The celebration of the Feast of the Holy Trinity does not occur in a vacuum. It follows immediately after the day of Pentecost; that is, upon the realization of the completeness of the Godhead. The three parts of the Godhead may be expressed in various ways: such as, Father, Son, and Holy Spirit, or  Creator, Sustainer, and Redeemer. Borrowing from the indigenous people another way of expressing this mystery is simply, Flesh, Force, Spirit. St. Paul puts it this way: The grace of the Lord Jesus Christ, the love of God, and the communion of the Holy Spirit; grace, love, communion. Regardless of how it is expressed, it resides firmly in the event of Pentecost, which is not just a day on the calendar in which we all wear red, but is the foundation for all of Christendom. 

And so picking up where I left off on the Feast of Pentecost, I am going to continue with another writing from Benedictine monk, Bede Griffiths, whose 50 year ministry in India and Hindu influence will be clearly visible: 

“At Pentecost the disciples were ‘filled with the Holy Spirit.’ They underwent a radical transformation. Something happened which transformed them from a group of weak and spiritless men into a community of believers who set out to change the world. This something was a mystical experience. It was a breakthrough beyond time and change, beyond the agony of suffering and death which they had experienced in the crucifixion, into the world of absolute reality, which was summed up for the Hebrew in the name of God. They experienced God; they ‘realized Brahman,’ as a Hindu would say, they “Knew the Self, the Spirit, the eternal Truth, dwelling in the heart.” 

The transformation that comes from experiencing God cannot be overstated. It is in knowing God that all right action proceeds. It is not static. That is to say, for instance, when meditation is recommended, it is for the purpose of experiencing God, but it is not the end game - it is only the beginning. Prayer is the starting place. Out of the transformation that comes of knowing God, whether in prayer or in some other transcendent experience, one is moved to action. Jesus makes this clear with his final directive: Go therefore and make disciples of all nations, baptizing them in the name of the Father and of the Son and of the Holy Spirit, and teaching them to obey everything that I have commanded you.

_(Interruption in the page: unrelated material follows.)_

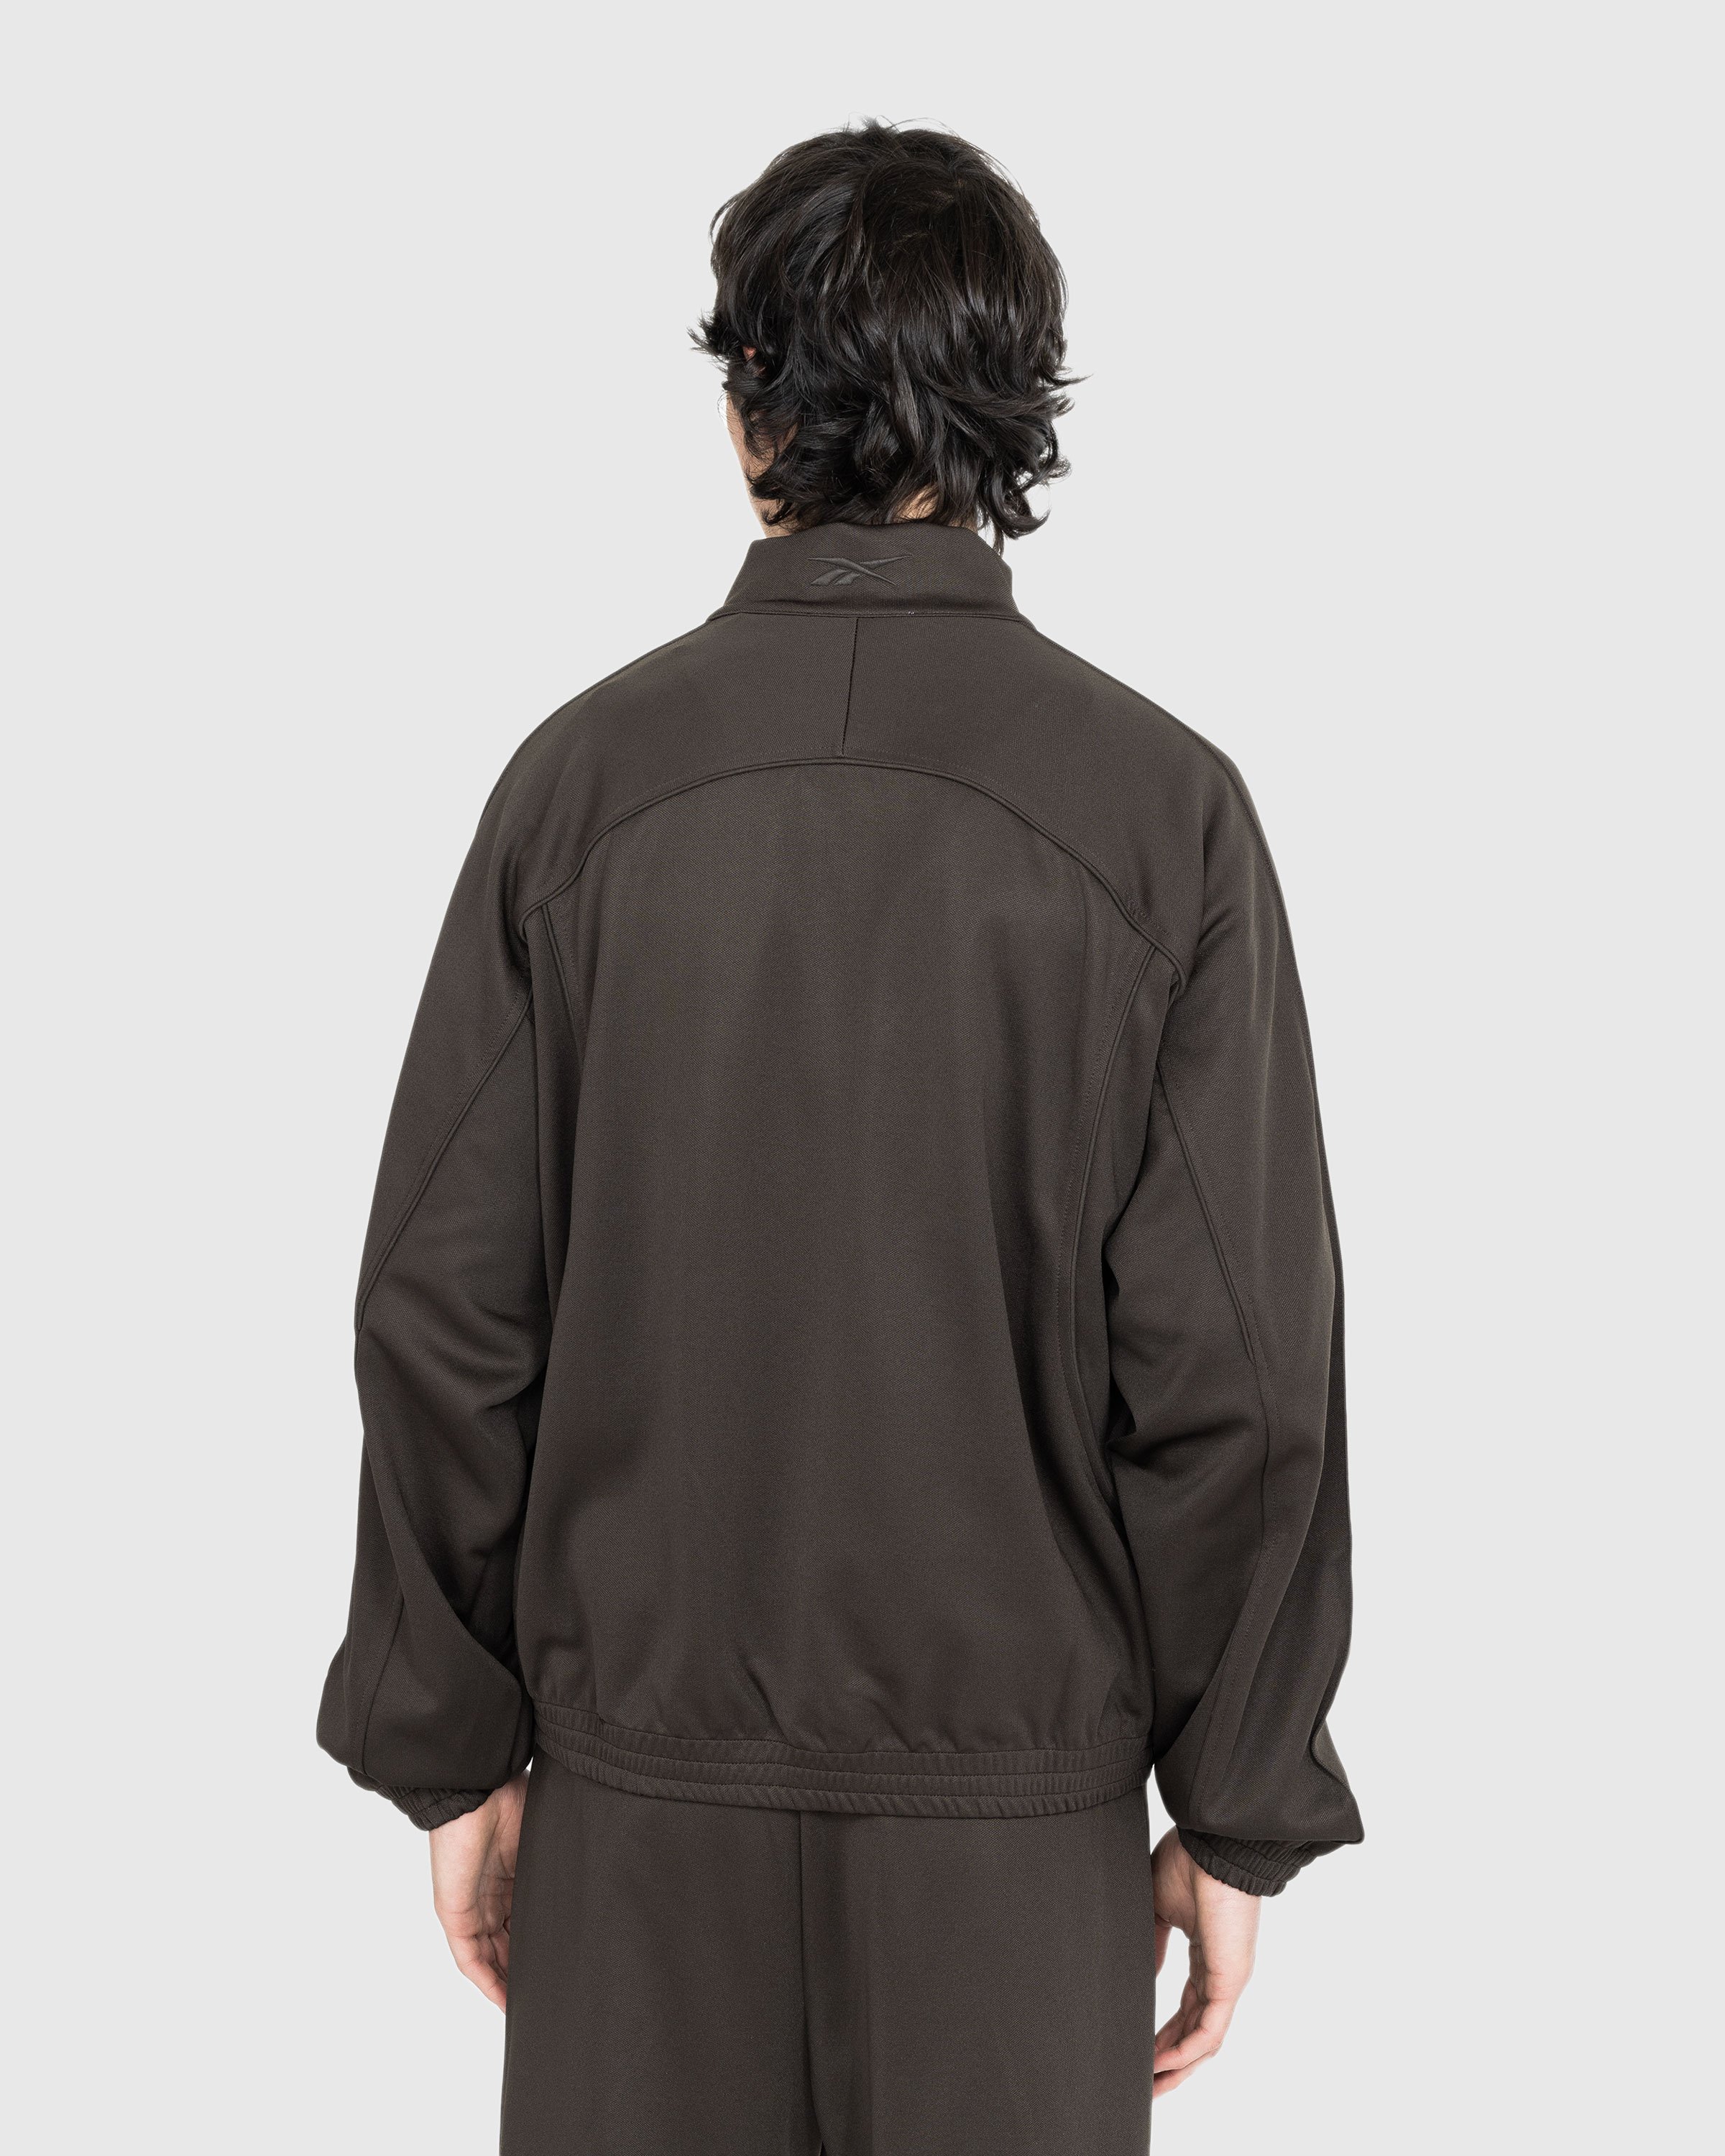 Reebok - Piped Track Jacket Moro - Clothing - Brown - Image 3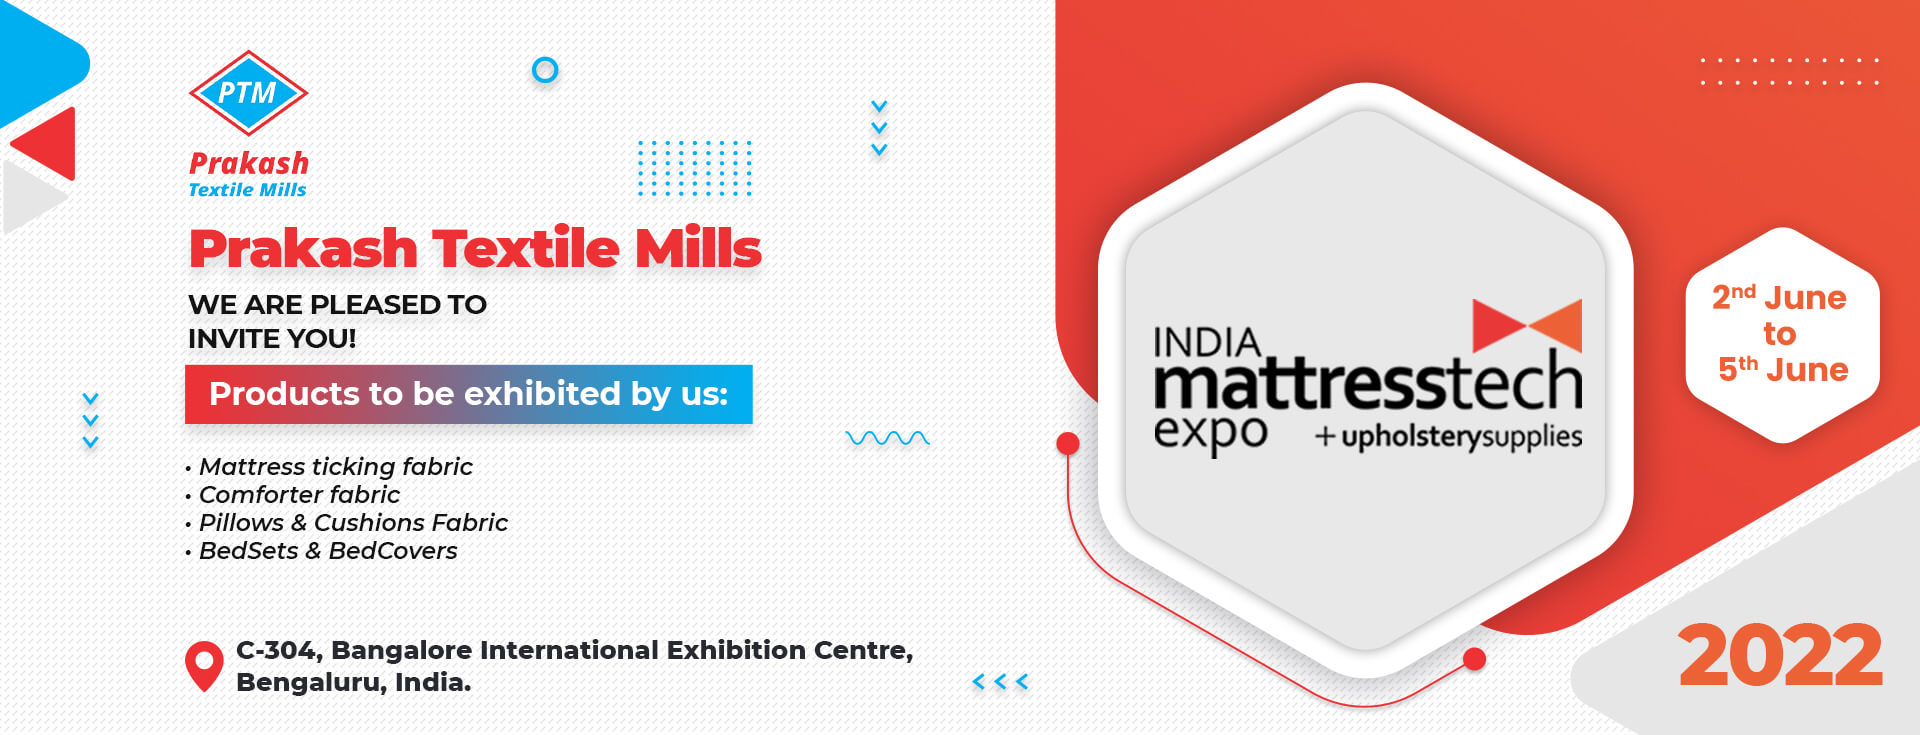 India Mattresstech Expo 2022, Bangalore

And remember, I am with you always, to the end of the age.” The key words here are “go, teach, obey.” However, the experience of the Godhead, who is both transcendent and immanent in nature, comes before the word, “go.” There are countless examples of persons who have been transformed by their experience of God, and we look to them for guidance - ways in which to lead our own lives, how we might fully express the faith that is in us. Here are but a few:

Dorothy Day founded the Catholic Worker movement, which offers hospitality to the poor, and went to jail dozens of times to protest war and economic injustices. She wrote: 
“All through those weary first days in jail when I was in solitary confinement, the only thoughts that brought comfort to my should were those lines in the Psalms that expressed the terror and misery of man suddenly stricken and abandoned. Solitude and hunger and weariness of spirit - these sharpened my perceptions so that I suffered not only my own sorrows but the sorrows of those about me. I was no longer myself. I was a man. I was no longer a young girl, part of a radical movement seeking justice for those oppressed. I was the oppressed. I was that drug addict, screaming and tossing in her cell, beating her head against the wall. I was that shoplifter who for rebellion was sentenced to solitary. I was that woman who had killed her children, who had murdered her lover.” 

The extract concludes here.